Derivative of matrix-valued function $W \mapsto W W^T$

121 Views Asked by At

What is the derivative of matrix-valued function $W \mapsto W W^T$? I have checked the entire Internet and can't find a concrete answer.

Assuming that the matrix is orthogonal factor loaded,

$$ \dfrac{\partial \pmb{WW}^T}{\partial \pmb{W}} =2\pmb{W}??? $$

2

There are 2 best solutions below

0
On

We have the mapping $f: \mathbb R^{n \times n} \to \mathbb R^{n \times n}$ given by

$$f(W)=WW^T,$$

Let $|| \cdot||$ be any norm on $\mathbb R^{n \times n}$ (all norms on $\mathbb R^{n \times n}$ are equvalent !).

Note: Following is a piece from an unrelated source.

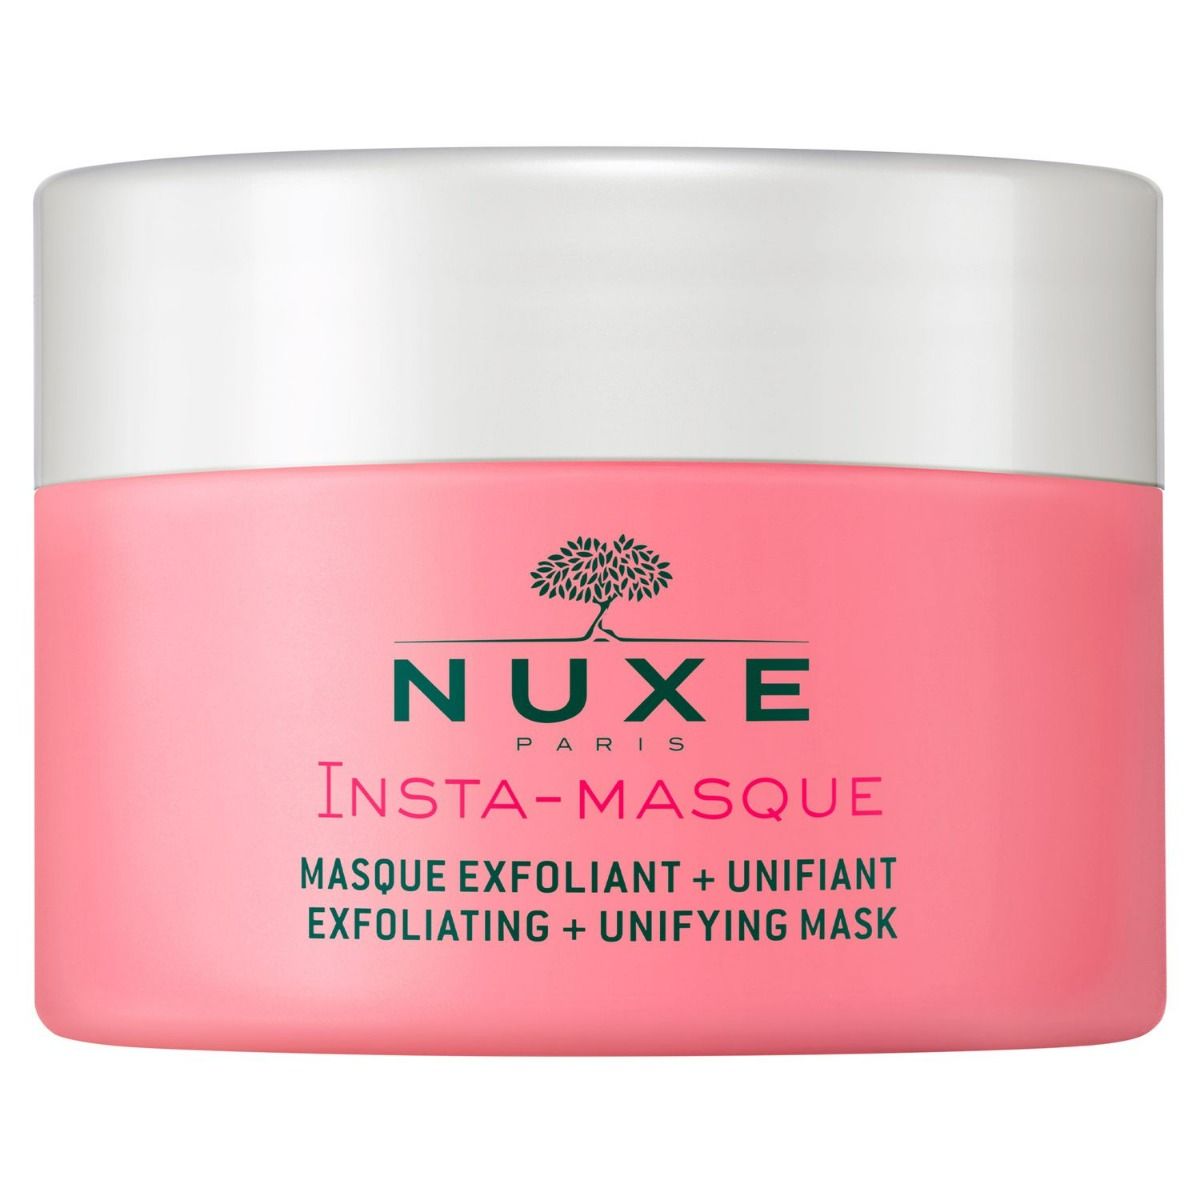 Nuxe Insta-Masque Exfoliant + Unifiant медицинская маска, 50 ml nuxe маска insta masque очищающая разглаживающая для лица 50 мл

Let $W_0 \in \mathbb R^{n \times n}.$ $f$ is differentiable in $W_0$ if there is a linear mapping $L: \mathbb R^{n \times n} \to \mathbb R^{n \times n}$ (depending on $W_0$) such that

$$(*) \quad \frac{f(W_0+H)-f(W_0)-L(H)}{||H||} \to 0$$

as $H \to 0.$ In this case $L$ is uniquely determined and is called the derivative of $f$ at $W_0$. In symbols: $f'(W_0)=L.$

Now define $L$ by $L(V):=W_0V^T+VW_0^T$ and confirm that $(*)$ holds.

Hence $f'(W_0)=L.$

0
On

$ \def\a{{\cal E}}\def\b{{\cal F}} \def\g{{\cal G}}\def\d{{\delta}} \def\B{\Big}\def\L{\left}\def\R{\right} \def\LR#1{\L(#1\R)} \def\BR#1{\B(#1\B)} \def\trace#1{\operatorname{Tr}\LR{#1}} \def\qiq{\quad\iff\quad} \def\p{\partial} \def\grad#1#2{\frac{\p #1}{\p #2}} \def\vecc#1{\operatorname{vec}\LR{#1}} \def\c#1{\color{red}{#1}} $Define the fourth-order isotropic tensors $\{\a,\g\}$ in terms of Kronecker deltas $\{\d\}$ $$\eqalign{ \d_{jk}\d_{\ell m} = \a_{j\ell km} = \g_{j\ell mk}\\ }$$ Then calculate the differential and gradient of your matrix-valued function $$\eqalign{ F &= WW^T \\ dF &= dW\,W^T + W\,dW^T \\ &= \a\,W:dW + W\a:dW^T \\ &= \BR{\a\,W + \LR{W\a}:\g}:dW \\ \grad{F}{W} &= {\a\,W + \LR{W\a}:\g} \\ }$$ As you can see, the gradient is a fourth-order tensor, which is awkward.

Another way to proceed is to note that the matrix self-gradient is given by $$\eqalign{ \grad{W}{W_{k\ell}} = E_{k\ell} \qquad \grad{W_{ij}}{W_{k\ell}} = \a_{ijk\ell} \\ }$$ where $E_{k\ell}$ is the single-entry matrix, all of whose elements equal zero except for the $(k,\ell)$ element, which equals one.

Then direct element-wise differentiation yields $$\eqalign{ F &= WW^T \\ \grad{F}{W_{k\ell}} &= \LR{E_{k\ell}}W^T + W\LR{E_{k\ell}}^T\\ }$$ Or you could opt for pure index notation (and Einstein summation convention) $$\eqalign{ F_{ij} &= W_{ip}W_{jp} \\ \grad{F_{ij}}{W_{k\ell}} &= {\a_{ipk\ell}W_{jp} + W_{ip}\a_{jpk\ell}} \\ &= \d_{ik}W_{j\ell} + W_{i\ell}\d_{jk} \\ }$$ Another common approach is to vectorize the matrix equation $$\eqalign{ dF &= dW\,W^T + W\,dW^T \\ \vecc{dF} &= \LR{W\otimes I}\vecc{dW} + \LR{I\otimes W}\vecc{dW^T} \\ &= \BR{\LR{W\otimes I} + \LR{I\otimes W}K}\,\vecc{dW} \\ \grad{\vecc{F}}{\vecc{W}} &= {\LR{W\otimes I} + \LR{I\otimes W}K} \\ }$$ where $K$ is the Commutation Matrix associated with Kronecker products.